LAWS(ORI)-1970-2-5

SAKUNTALA DASI Vs. KUSUM KUMARI SARKAR

Decided On February 18, 1970
SAKUNTALA DASI Appellant
V/S
KUSUM KUMARI SARKAR Respondents

JUDGEMENT

(1.) THESE two applications have been filed by one Sakuntala Dasi who was the applicant and the opposite party respectively in two probate proceedings registered as O. S. No. 16 of 1965 and O. S. No. 25 of 1966 in the Court of the District Judge, Cuttack.

(2.) ONE Adhar Chandra Sarkar owned some properties located in the town of Cuttack and at Sundergarh. He died on 5-6-62. Kusum Kumari Dasi who features as the opposite party in these revisions was admittedly the wife of Adhar. Sakuntala, the petitioner, claims to be the second wife. Her status as wife, however, is not admitted by Kusum Kumari. It is alleged that Adhar left two Wills -one executed on 5-4-62 which is a registered document and the other dated 23-5-62 which is unregistered. Sakuntala, the petitioner applied for probate of the registered Will. Her application has been registered as O. S. No. 16 of 1965. Kusum Kumari similarly applied for probate of the unregistered will and her application has been registered as O. S. No. 25 of 1966. O. S. No. 16 of 1965 was filed on 4-11-64 while O. S. 25 of 1966 on 9-8-65. The two Wills have already been exhibited in the proceedings. The registered Will is marked as Ext. 2 and the unregistered Will as Ext. C.

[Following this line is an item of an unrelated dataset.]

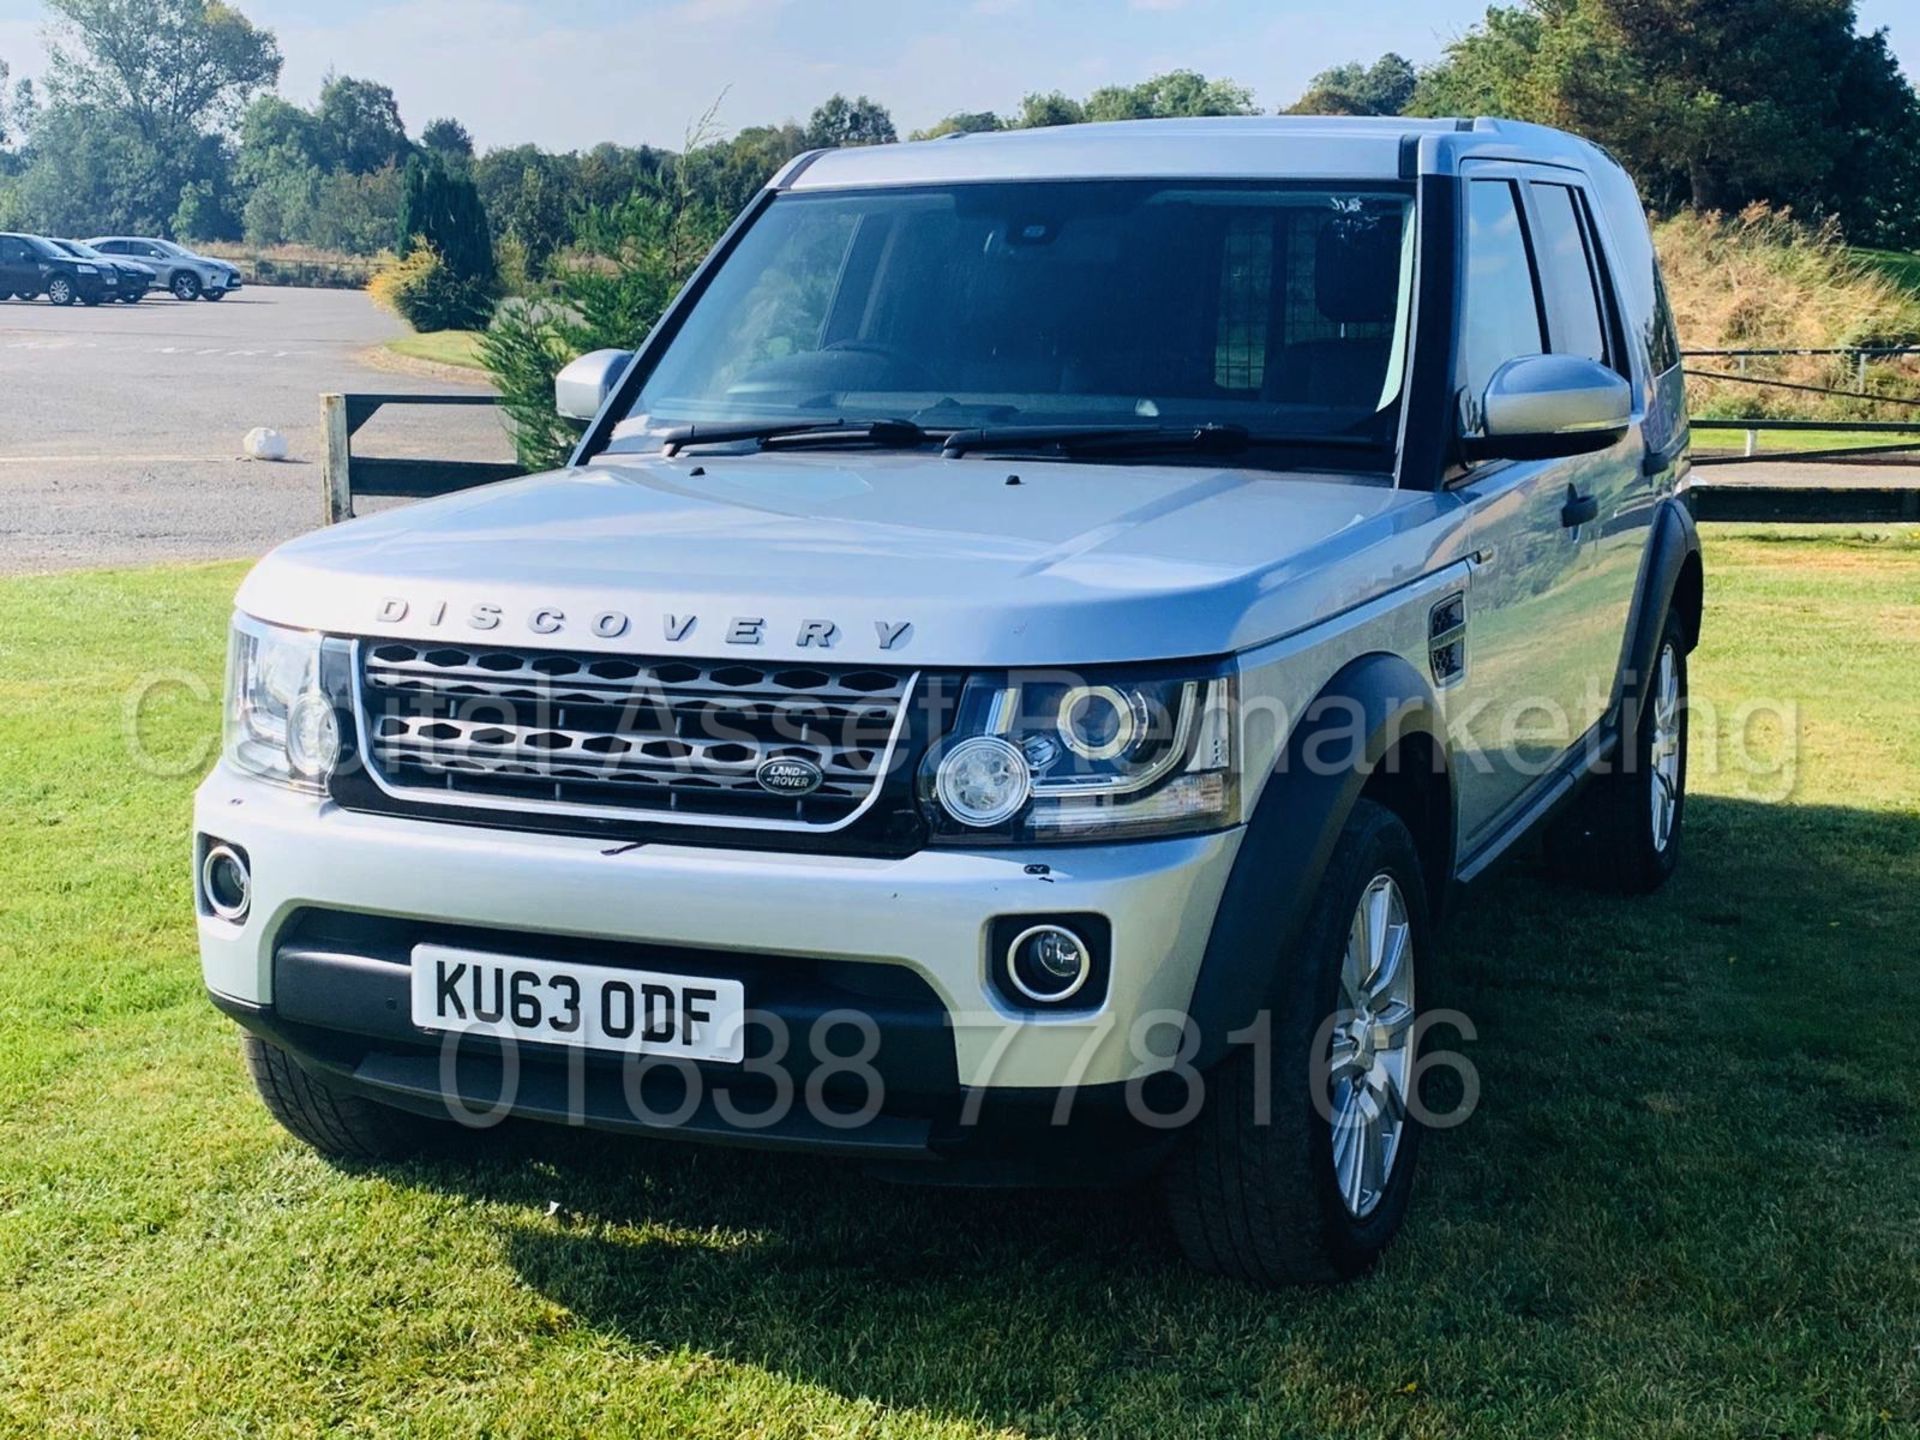 LAND ROVER DISCOVERY *XS EDITION* (2014) '3.0 SDV6 - 255 BHP - 8 SPEED AUTO' *LEATHER & SAT NAV* - Image 6 of 50

(3.) THERE is no doubt that the present petitioner who had applied in the court below for probate must be equated with that of a plaintiff in a regular suit. While it is true that in such cases where the applicant is an executor or executrix, a duty is cast on such person to have the will probated, there is no method prescribed under the law to compel such person to take steps for probating the will. The question is once she has made the application, has the position so changed that a compulsion can be attached to make her continue the proceeding? According to the learned District Judge once the proceeding has commenced, on the principle that a duty is cast on the court to determine about the due execution and attestation of the will the proceeding cannot stop and must be continued and the person who has initiated the proceeding cannot withdraw. I hardly find any support for such a proposition. If whether to apply for probate or not was within the option of the petitioner, whether to continue or not the application would be equally within her option. On the principle that the plaintiff is dominus litis in a litigation the matter must be left to his charge, otherwise the court would be assuming a burden which it would in many cases find difficult to discharge. Let us consider for instance a case where an application for probate is made. For reasons best known to the petitioner he does not continue the case. Normally such a case would go by default. But on the principle that the court has the burden to determine the genuineness of the will if the court is required to proceed and the petitioner no more appears and nobody appears to oppose the proceeding by entering caveat, in what helpless position the court would be lefts? Let us also visualise another case where the petitioner no more appears though once he had applied for the probate but certain persons enter caveat and oppose the probate. THERE may be also a case where the petitioner continues the proceeding ex parte. If without the assistance of any party the court is called upon to continue the determination by itself it would be an arduous job and on many occasions the conclusion is likely to be contrary to what may have appeared to be the truth if the case had been properly contested.